◆ **Problem statement**
Could you transcribe exactly the lines below, from the line with "30+ Best Butterfly" through the line with "Harald V, king", and nothing else, leaving out the pictures?

◆ **Data provided**
○ ○ ○ ○ ○

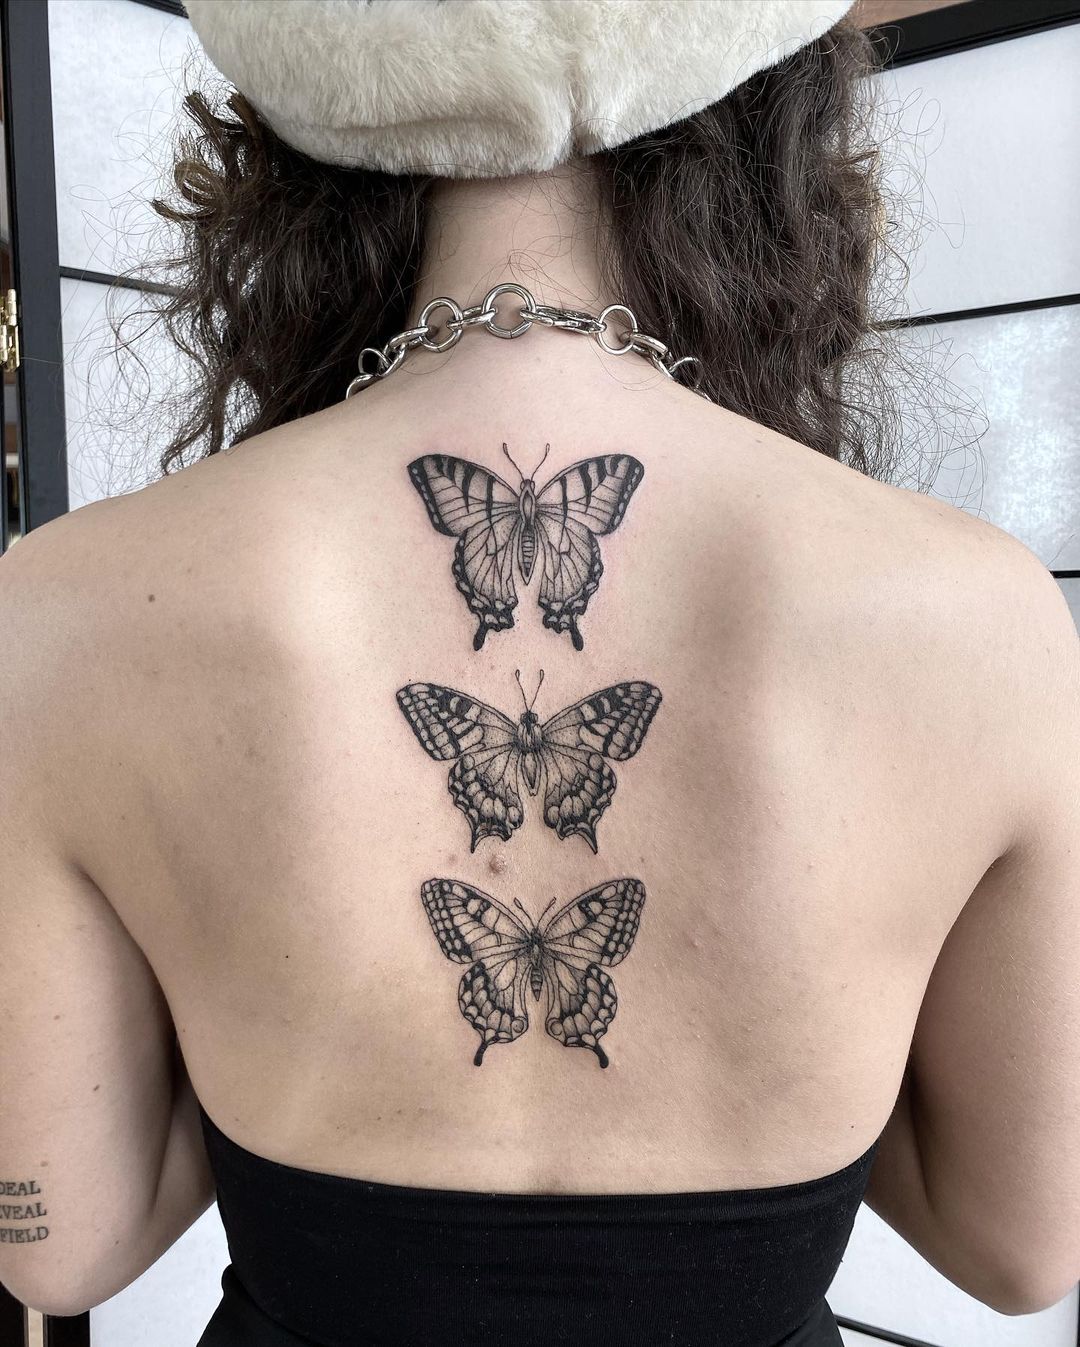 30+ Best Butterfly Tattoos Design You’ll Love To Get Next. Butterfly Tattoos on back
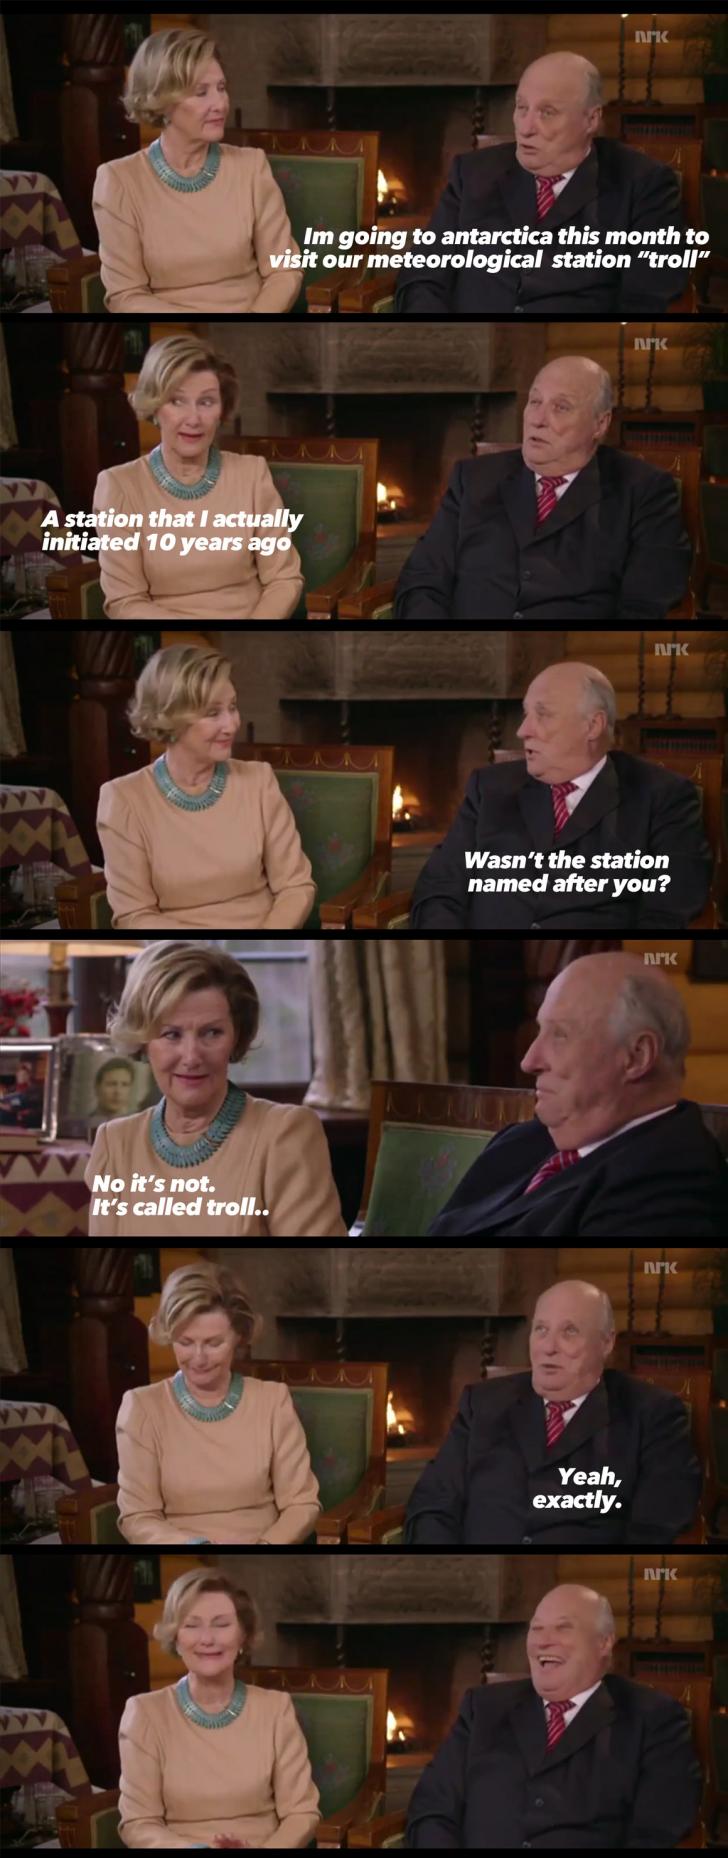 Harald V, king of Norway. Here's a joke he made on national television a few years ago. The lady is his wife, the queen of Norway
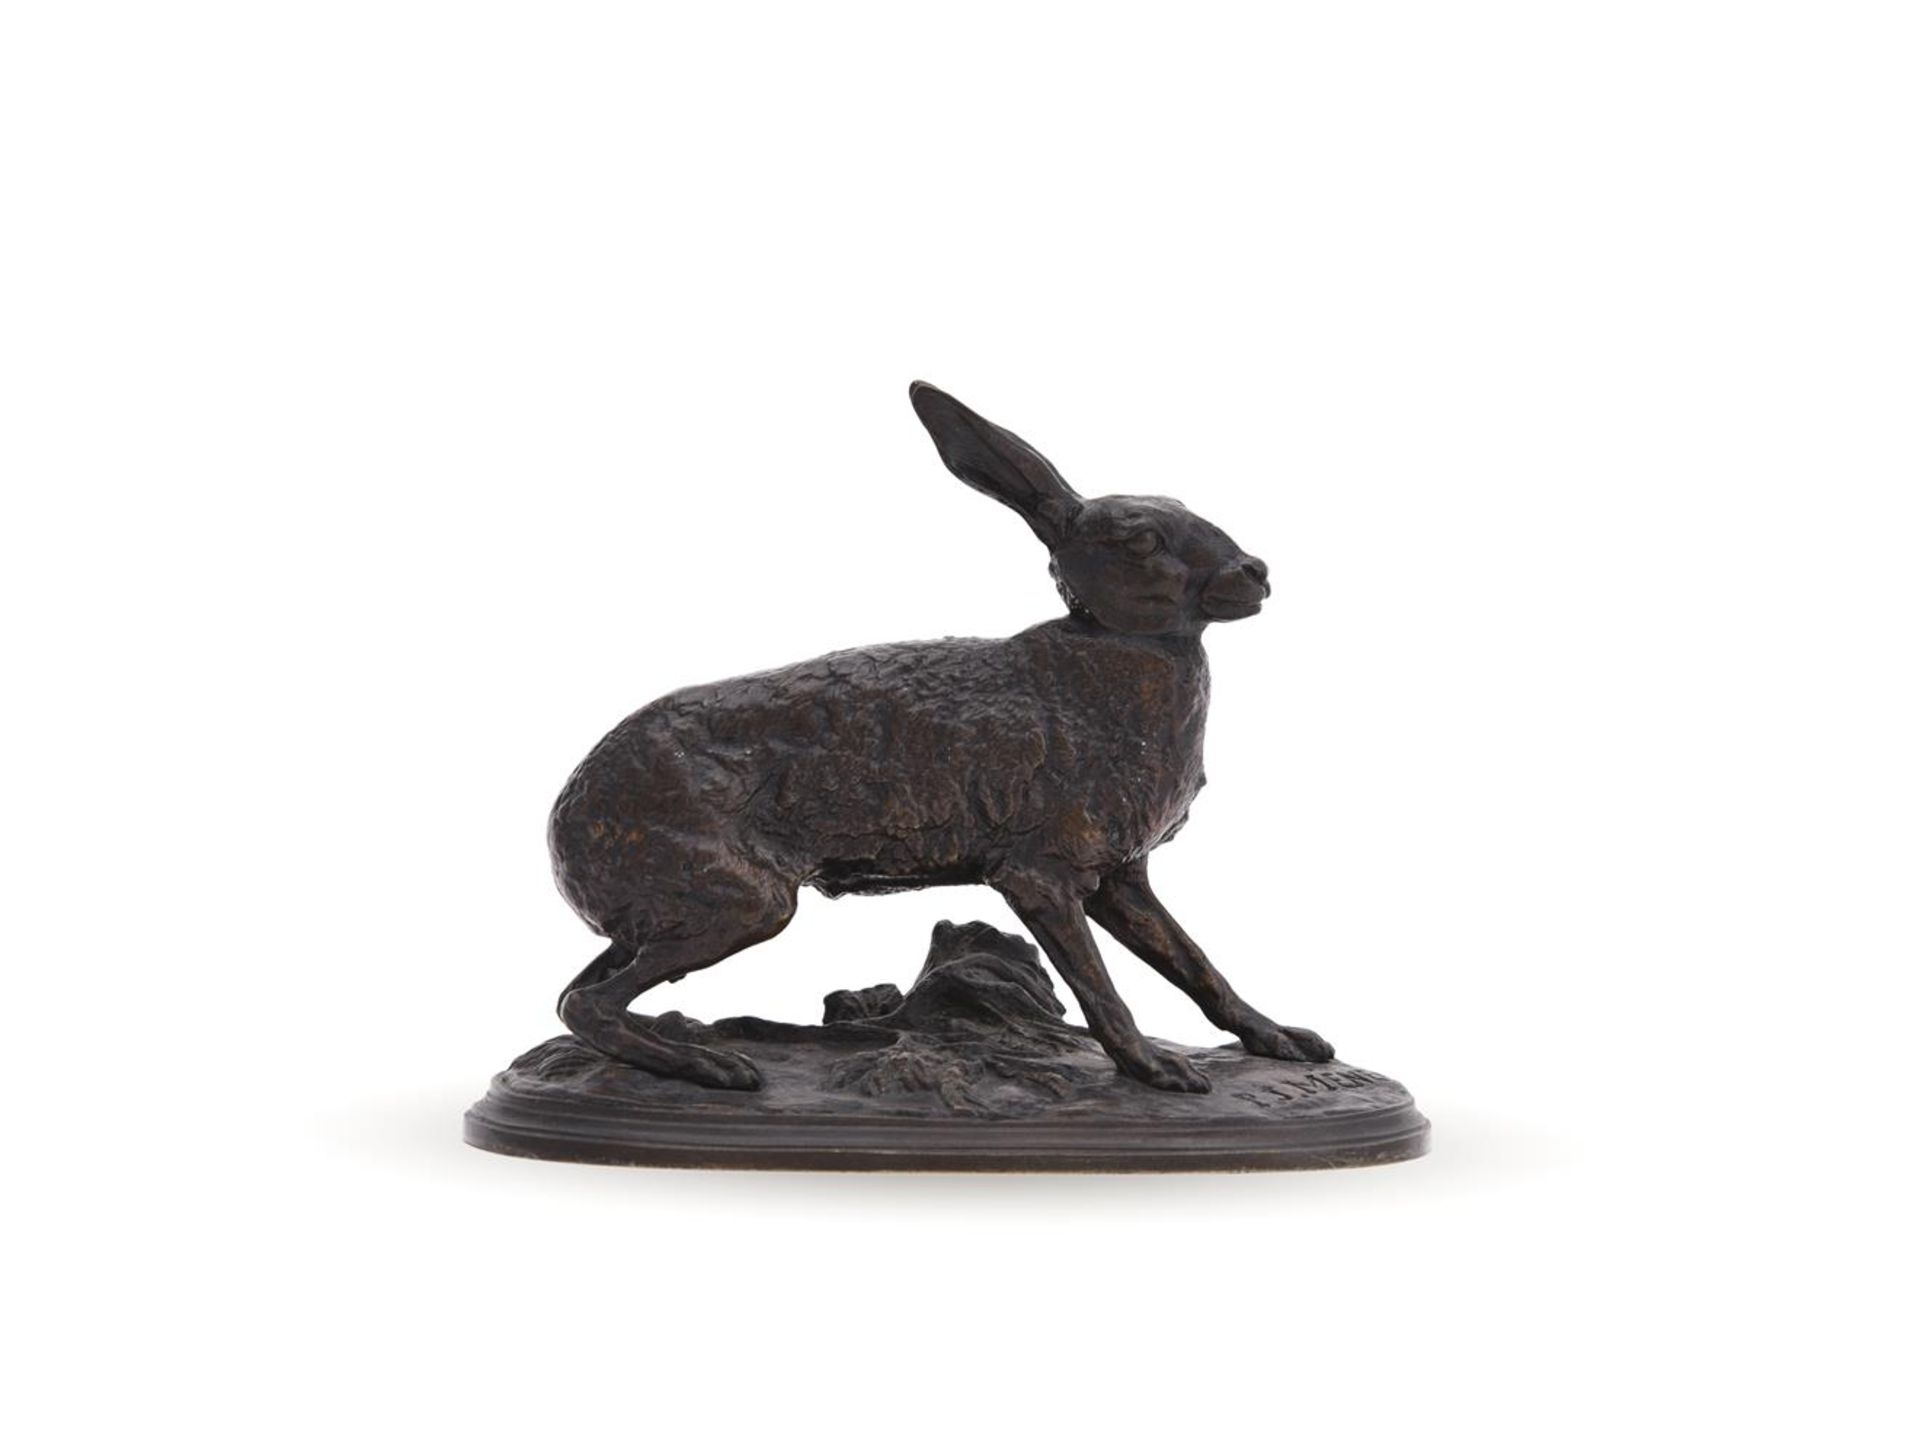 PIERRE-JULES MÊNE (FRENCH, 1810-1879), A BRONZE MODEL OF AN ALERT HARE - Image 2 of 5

○ ○ ○ ○ ○

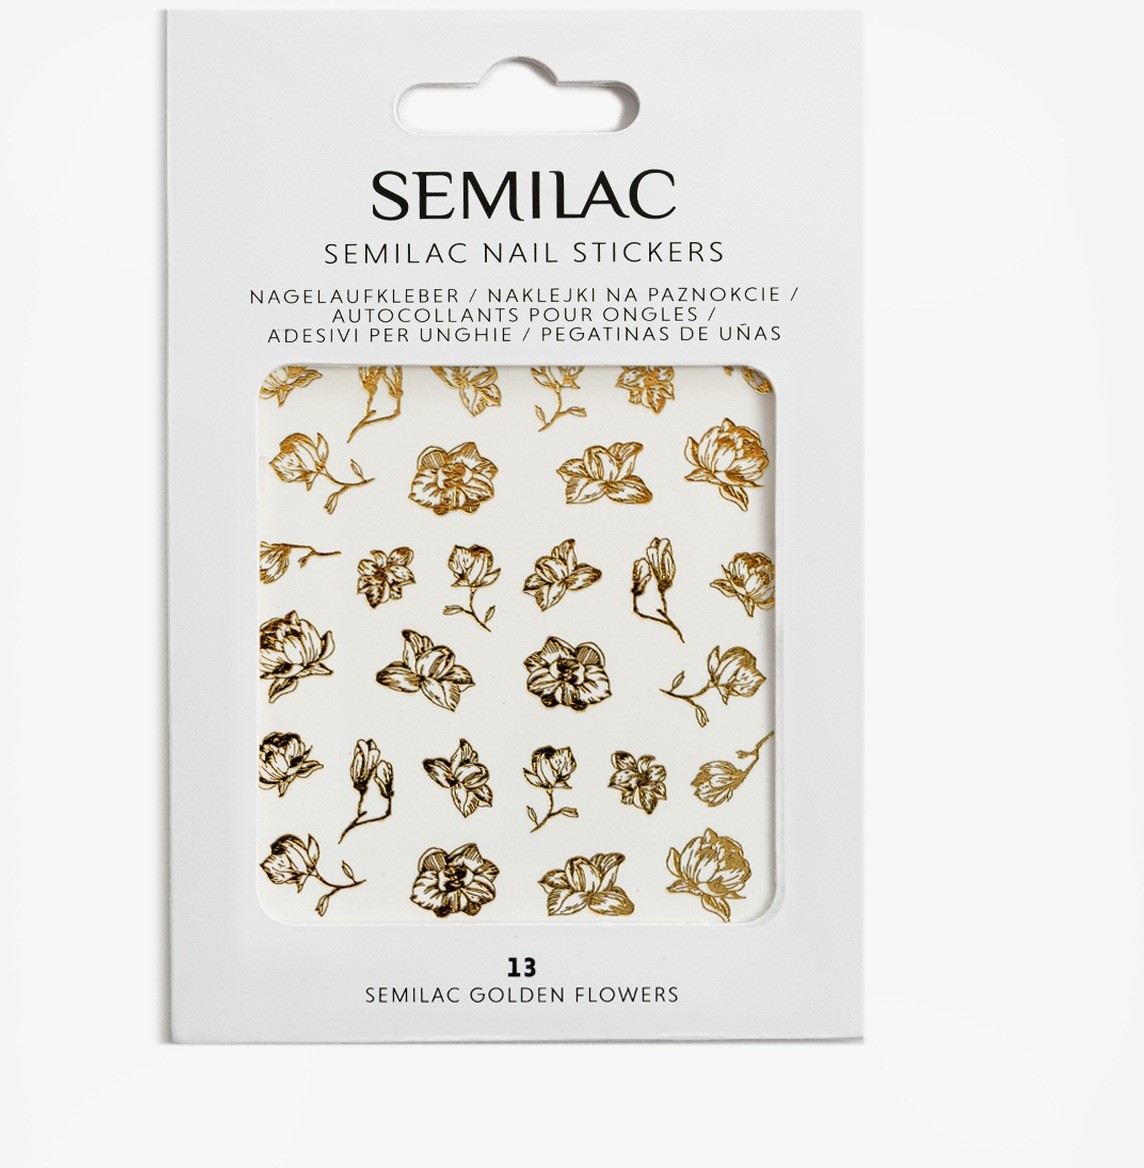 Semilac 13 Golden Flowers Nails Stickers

○ ○ ○ ○ ○

◆ **Answer box**
 30+ Best Butterfly Tattoos Design You’ll Love To Get Next. Butterfly Tattoos on back
 Harald V, king of Norway. Here's a joke he made on national television a few years ago. The lady is his wife, the queen of Norway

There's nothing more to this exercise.